Quote all lines below exactly. Images stay out.

→ **DATA PROVIDED**
------------------------------------
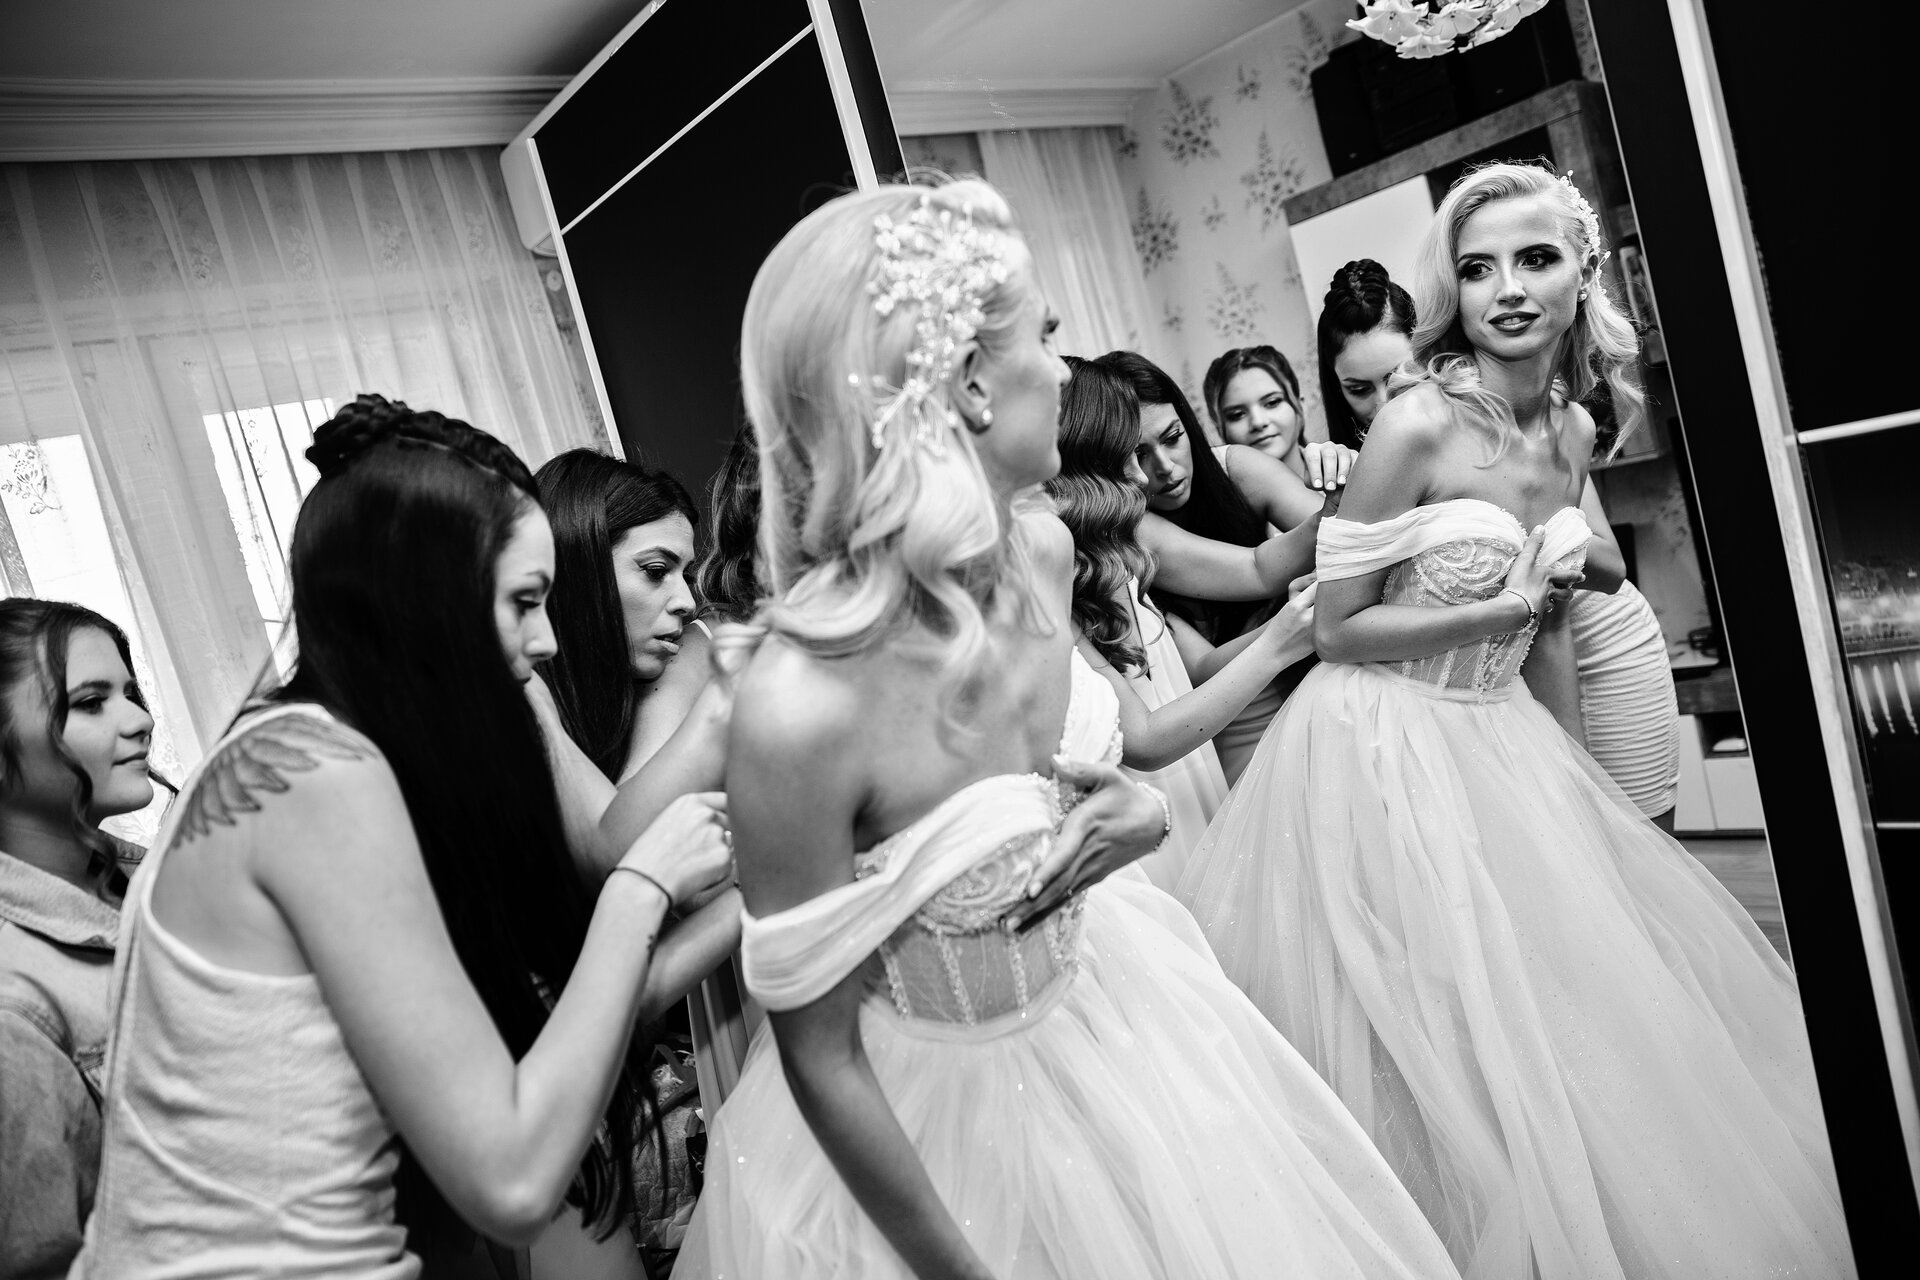 Photo in Wedding | Author Maria Todorova-Marcheva - Mrockerkata | PHOTO FORUM
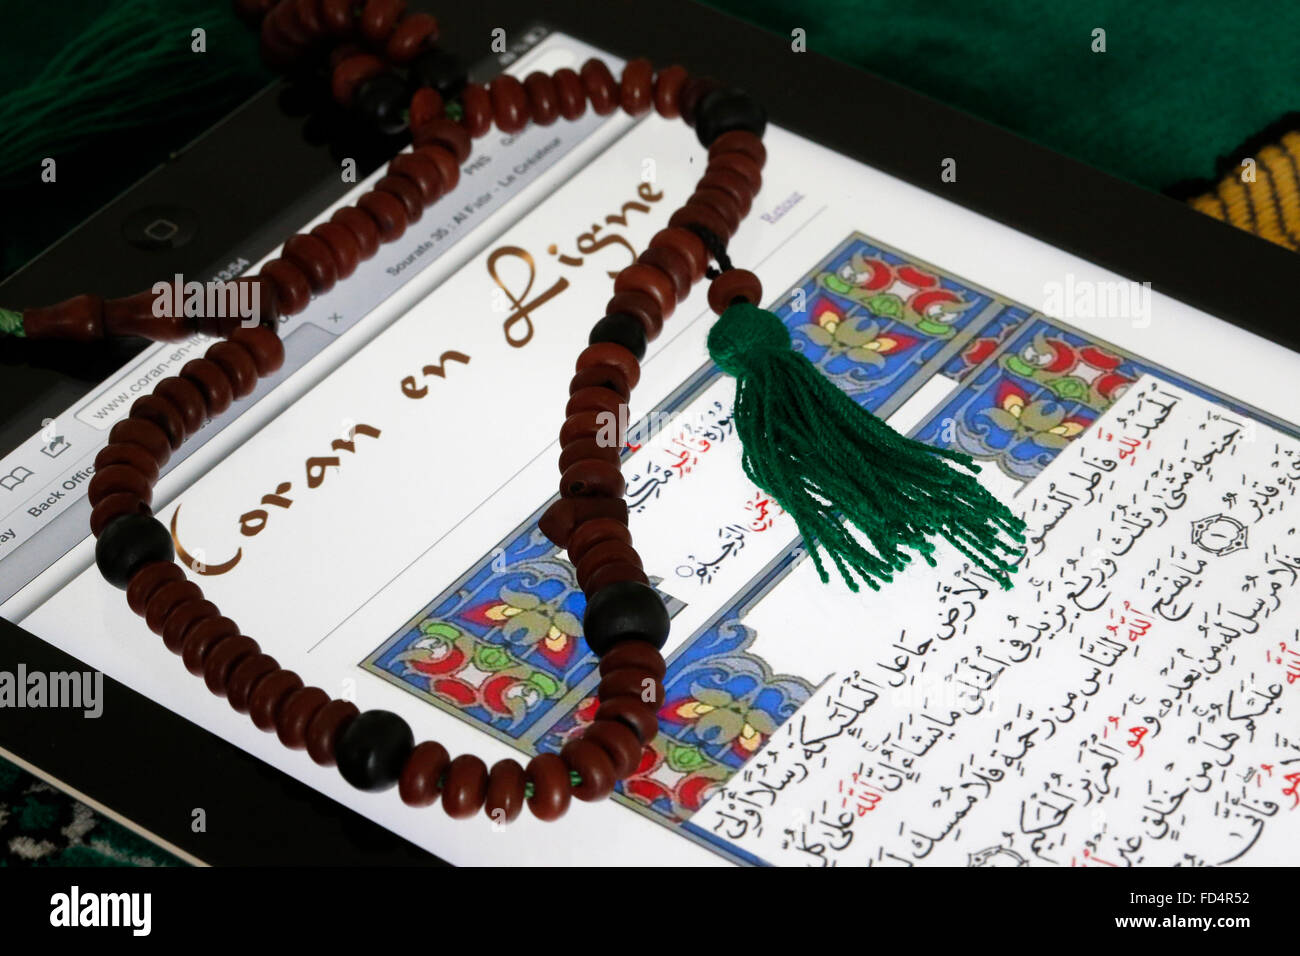 Electronic Quran on an Ipad. Stock Photo
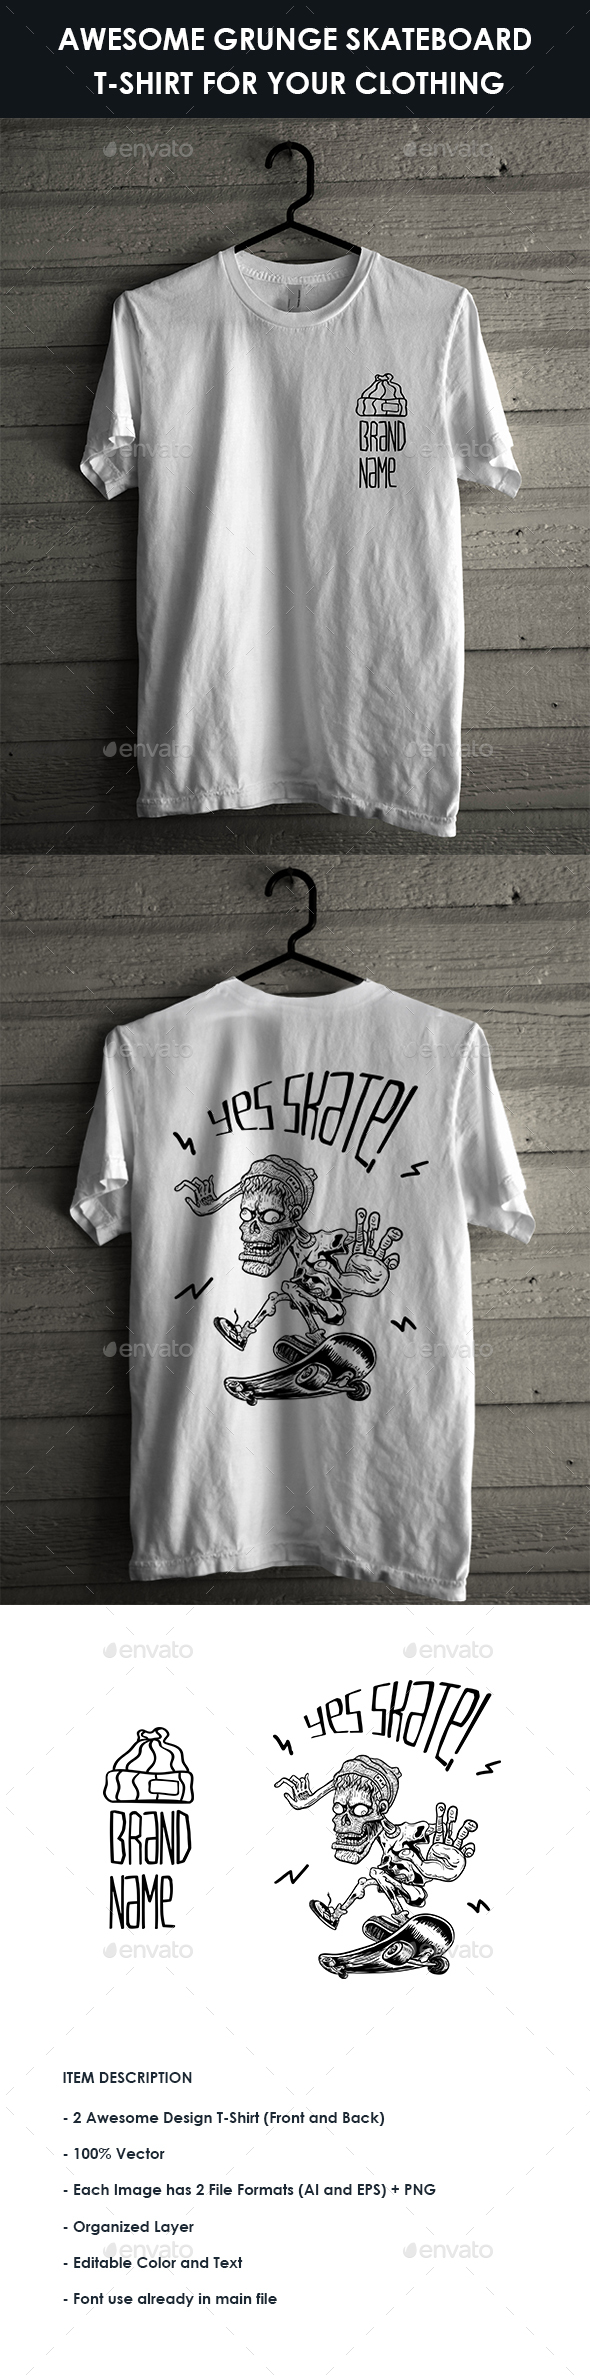 GraphicRiver Awsome Grunge Skateboard Design for Your Clothing 20617032
------------------------------------
→ **ANSWER TO THIS PROBLEM**
 Photo in Wedding | Author Maria Todorova-Marcheva - Mrockerkata | PHOTO FORUM
 Electronic Quran on an Ipad. Stock Photo
 GraphicRiver Awsome Grunge Skateboard Design for Your Clothing 20617032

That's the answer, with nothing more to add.